If the filing person has previously filed a statement on Schedule 13G to report 
the acquisition that is the subject of this Schedule 13D, and is filing this 
schedule because of Rule 13d-1(e), 13d-1(f) or 13d-1(g), check the following 
box [ ].

NOTE: Schedules filed in paper format shall include a signed original and five 
copies of the schedule, including all exhibits. See Rule 13d-7(b) for other 
parties to whom copies are to be sent.

------------------------
(1) The remainder of this cover page shall be filled out for a reporting
persons  initial filing on this form with respect to the subject class of
securities, and for any subsequent amendment containing information which would
alter  disclosures provided in a prior cover page.       

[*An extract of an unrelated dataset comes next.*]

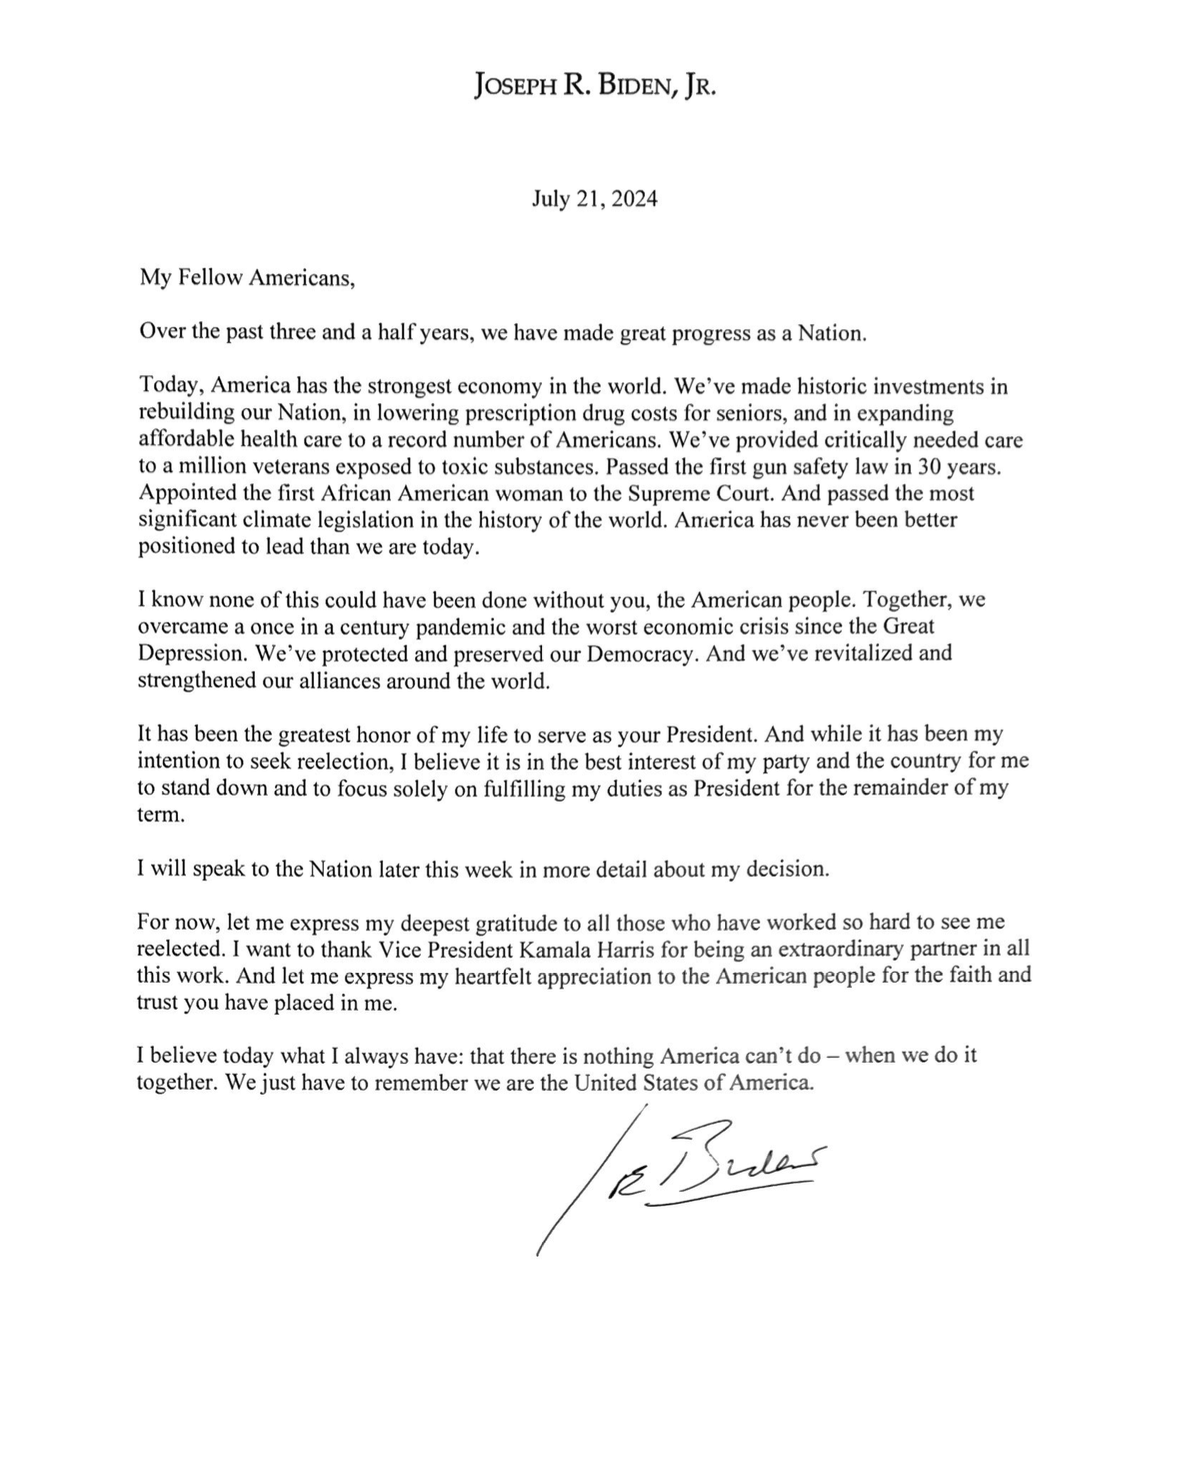 A letter from President Biden

The information required on the remainder of this cover page shall not be deemed
to be "filed" for the purposes of Section 18 of the Securities Exchange Act of 
1934 of otherwise subject to the liabilities of that section of the Act but 
shall be subject to all other provisions of the Act (however, see the Notes).

   
                               (PAGE 1 of 5 PAGES)




CUSIP NO. 084680107                     13D                    PAGE 2 OF 5 PAGES


(1)      NAMES OF REPORTING PERSONS
         I.R.S. IDENTIFICATION NOS. OF ABOVE PERSONS (ENTITIES ONLY)
         MORRIS MASSRY
         -----------------------------------------------------------------------
(2)      CHECK THE APPROPRIATE BOX IF A MEMBER OF A GROUP*     (a)   [ ]
                                                               (b)   [ ]
         -----------------------------------------------------------------------
(3)      SEC USE ONLY

         -----------------------------------------------------------------------
(4)      SOURCE OF FUNDS*

         -----------------------------------------------------------------------
(5)      CHECK BOX IF DISCLOSURE OF LEGAL PROCEEDINGS                [ ]
         IS REQUIRED PURSUANT TO ITEMS 2 (d) OR 2 (e)
         -----------------------------------------------------------------------
(6)      CITIZENSHIP OR PLACE OF ORGANIZATION
         UNITED STATES OF AMERICA
         -----------------------------------------------------------------------
                    (7)      SOLE VOTING POWER
NUMBER OF                    312,300 (5.32%) (1)
SHARES              ------------------------------------------------------------
BENEFICIALLY        (8)      SHARED VOTING POWER
OWNED BY                     0
EACH                ------------------------------------------------------------
REPORTING           (9)      SOLE DISPOSITIVE POWER
PERSON WITH                  312,300 (5.32%) (1)
                    ------------------------------------------------------------
                    (10)     SHARED DISPOSITIVE POWER
                             0
                    ------------------------------------------------------------
(11)     AGGREGATE AMOUNT BENEFICIALLY OWNED BY EACH REPORTING PERSON
         312,300 (5.32%)
         -----------------------------------------------------------------------
(12)     CHECK BOX IF AGGREGATE AMOUNT IN ROW (11) EXCLUDES CERTAIN
         SHARES*                                                     [ ]
         -----------------------------------------------------------------------
(13)     PERCENT OF CLASS REPRESENTED BY AMOUNT IN ROW (11)
         5.32%
         -----------------------------------------------------------------------
(14)     TYPE OF REPORTING PERSON*
         IN
         -----------------------------------------------------------------------
                      *SEE INSTRUCTIONS BEFORE FILLING OUT!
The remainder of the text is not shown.